In In re J.M., 619 A.2d 497 (D.C. 1992) (en banc), we were faced with similar circumstances involving an encounter with a juvenile by Metropolitan Police detectives on an interstate bus. We held, despite the fact that the detective stood next to J.M. during the interview and search, that "the police conduct was not so intimidating that a reasonable person would have felt incapable of declining the officers' requests or otherwise terminating the encounter." Id. at 502. In contrast to In re J.M., in testimony credited by the trial court, Oxendine stated that had appellant attempted to terminate the conversation, he could have gotten out of his seat and walked down the aisle in either direction since she was standing in front of the seat directly ahead of appellant "so that [she] wasn't blocking his path to get ou[t] of the seat." A fortiori, if there was no seizure in In re J.M., there could be no seizure here.6

Moreover, in the totality of the circumstances, which included the fact that the detectives were dressed in plainclothes, their weapons were concealed, and Oxendine addressed appellant in a polite, conversational tone of voice, requesting permission to speak with appellant rather than demanding it, we conclude that the officers' presence did not rise to the level of a "threatening presence." See United States v.

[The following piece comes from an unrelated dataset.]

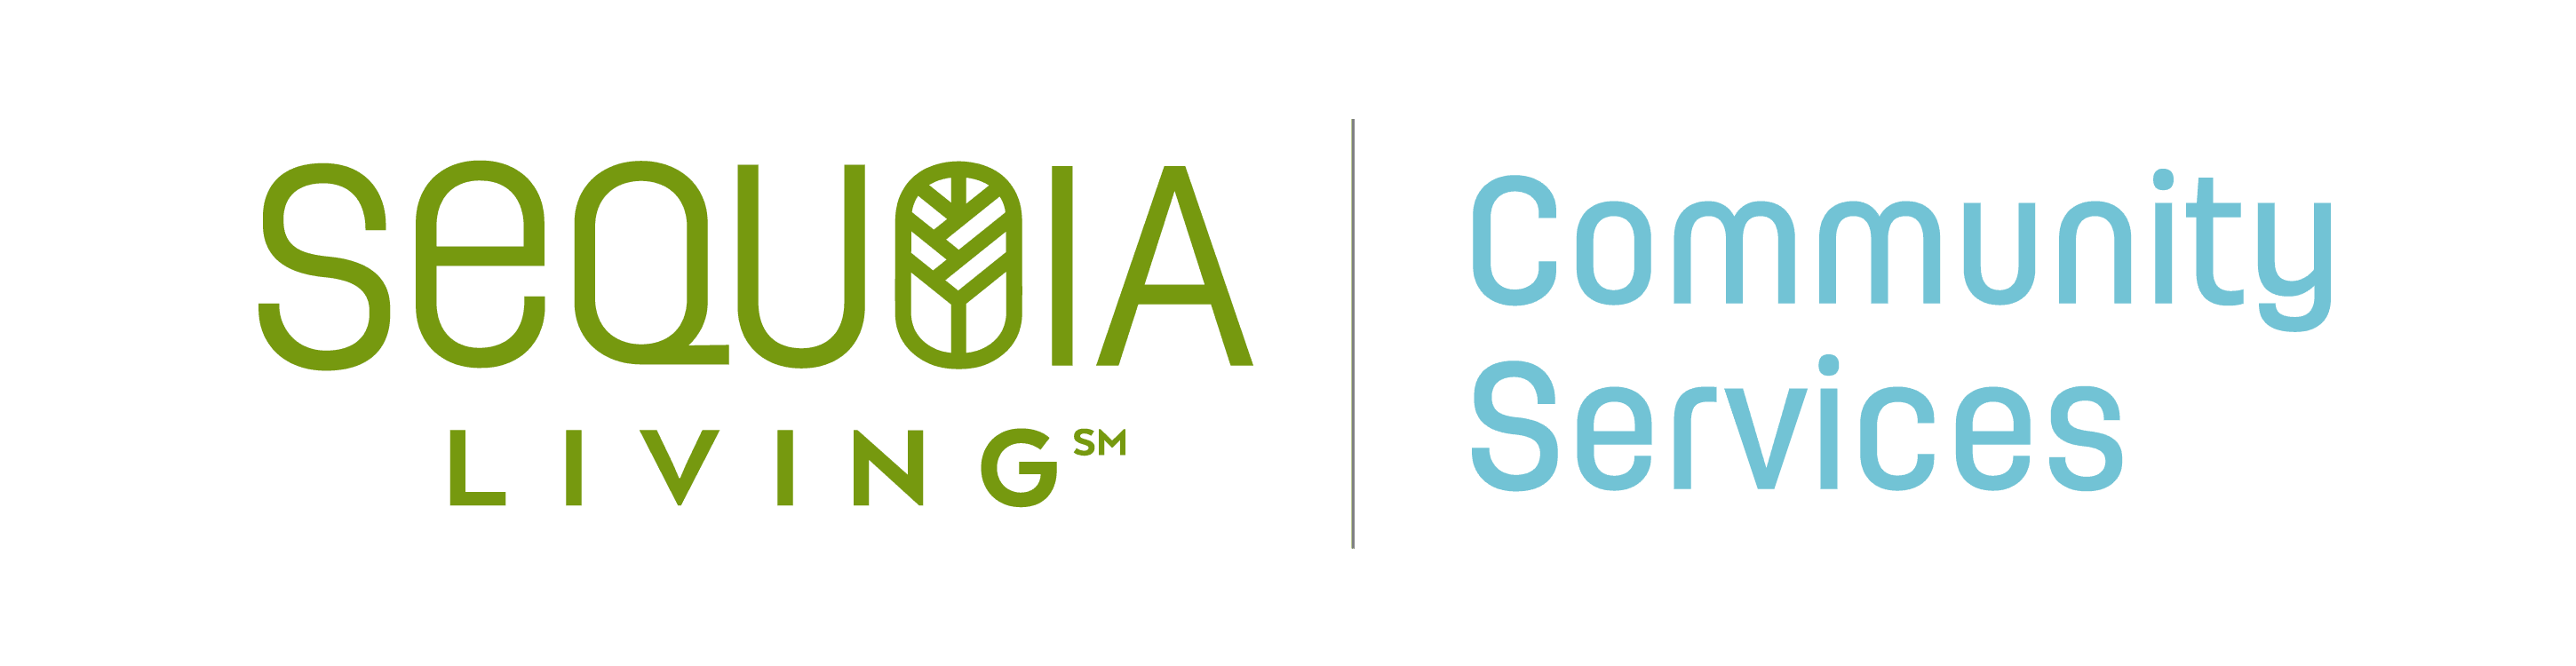 Sequoia Living - Community Services logo

Mendenhall, 446 U.S. 544, 554, 100 S.Ct. 1870, 1877, 64 L.Ed.2d 497 (1980). Although appellant was not informed that he had a right to terminate the interview, whether or not he was so informed is not dispositive on the issue of whether there was a seizure. See id. at 555, 100 S.Ct. at1877.7 We hold, therefore, that there was evidence in the record to support the conclusion that appellant was not seized prior to the search of his person. See In re J.M., supra, 619 A.2d at 500 (this court reviews the determination of a seizure vel non as a question of law) (citation omitted).

III.

Having determined that Burton was not seized does not end our inquiry. Warrantless searches are per se unreasonable, subject "to a few specifically established and well-delineated exceptions." Katz v. United States, 389 U.S. 347, 357, 88 S.Ct. 507, 514, 19 L.Ed.2d 576 (1967). "[O]ne of the specifically established exceptions to the requirements of both a warrant and probable cause is a search that is...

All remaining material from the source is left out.